These thoughts ran clearly through Wolf’s mind. They were a relief, because things had been getting kind of wavy. Sometimes he wasn’t sure what day it was. Sometimes his dreams were more real than what he knew to be reality. Sometimes the mother-witch was right there!
But this one—the One—had killed his brother and he had to make her pay. Had to burn her and send her back to the fires of hell. He was going to throw himself on her and listen to her scream. And then burn her. Burn her bad.
His head was pounding, a hammer slamming against an anvil. Slam. Slam. Slam.

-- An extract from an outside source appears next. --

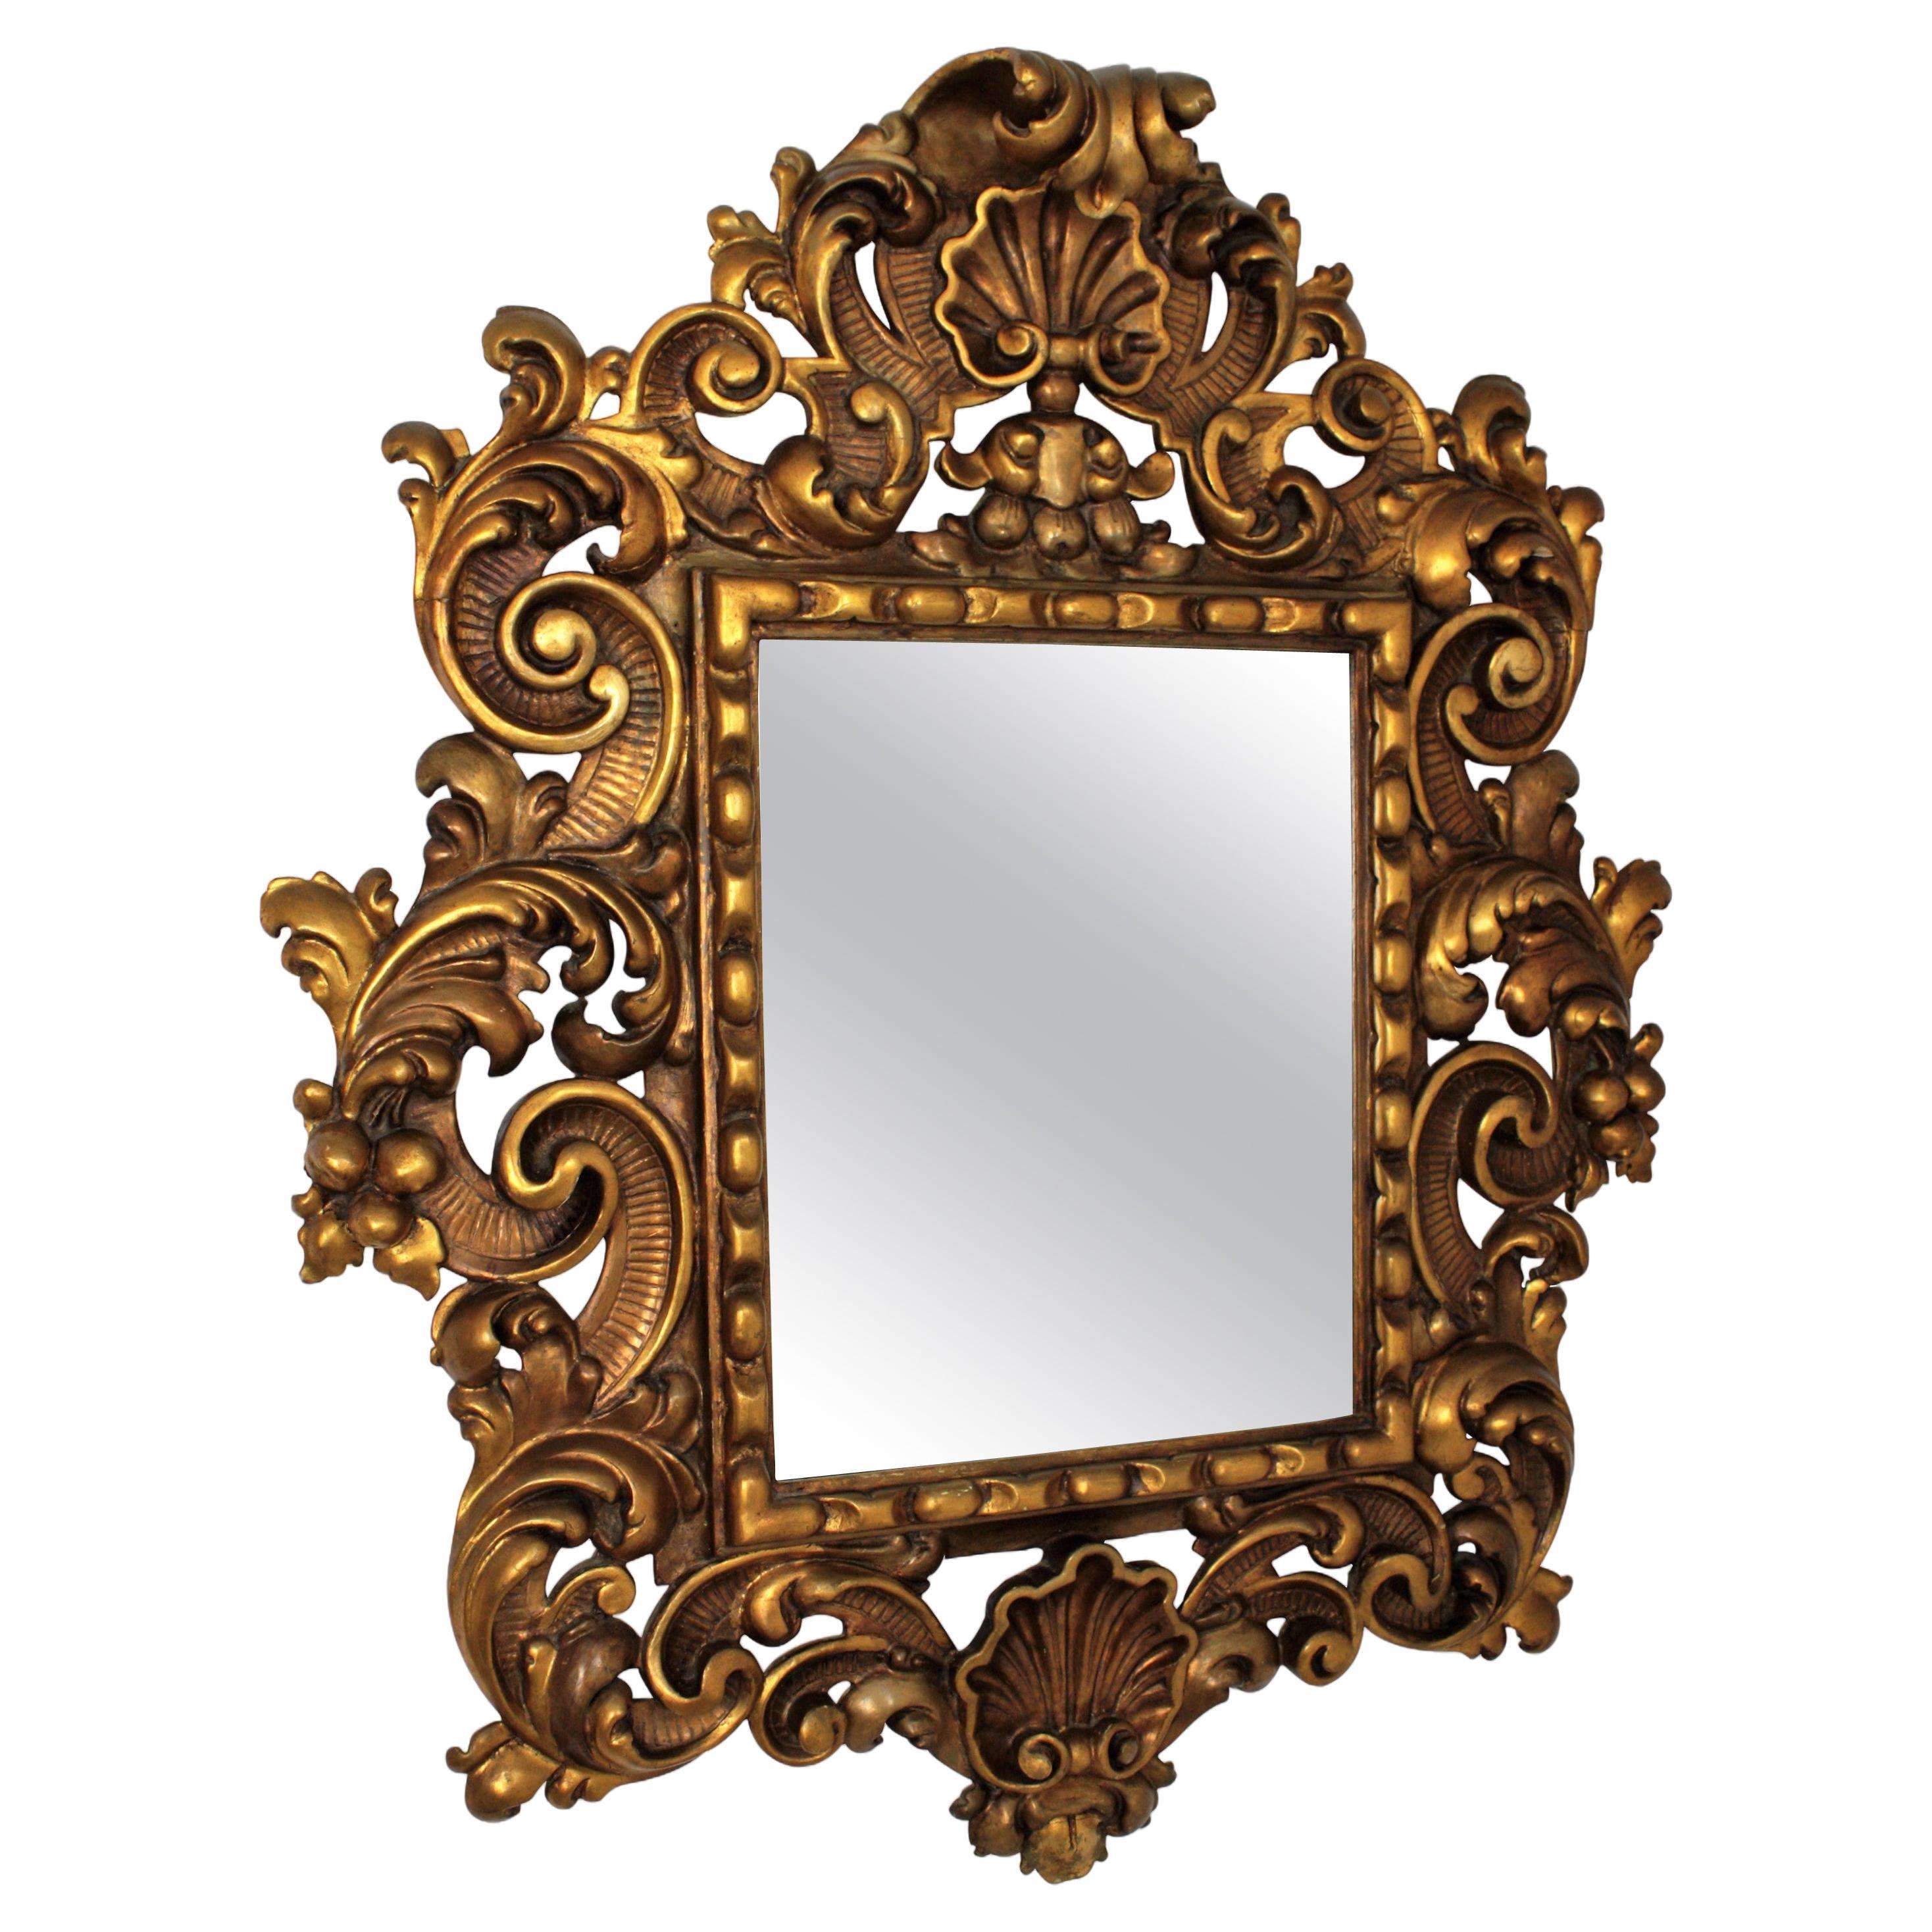 Spanish Rococo Style Foliage Carved Giltwood Mirror For Sale

He was here. In Quarry. Could he risk going back to the diner? There were witches there. Many witches. Maybe he could have a taste of one of them…just a taste…before he got the One. The murderess.
He pulled the truck into the lot and stepped out. A baseball cap was tilted low over his eyes. He was in jeans and a red-and-black hunter’s jacket, the collar pulled up over the healing wounds on his neck. Ducking his head, he entered the diner and then stopped short, his heart seizing.
The witches were all dressed like witches in cartoons. Black gowns. Pointed hats. In disbelief, he stared until his eyeballs felt dry in their sockets. One of the witches sidled toward him, a stack of menus cradled in one arm. She had long, black hair. Like the mother-witch. And green eyes. And a smoky flavor that expelled from her mouth when she s
aid, “Hi, I’m Heather. Let me show you to a booth.”
And she sashayed ahead of him in a black skirt with silvery stars on it. Wolf moved after her, dreamlike.
He sat down where she indicated, and when she handed him the menu, his hand brushed her fingers. Electricity. Desire.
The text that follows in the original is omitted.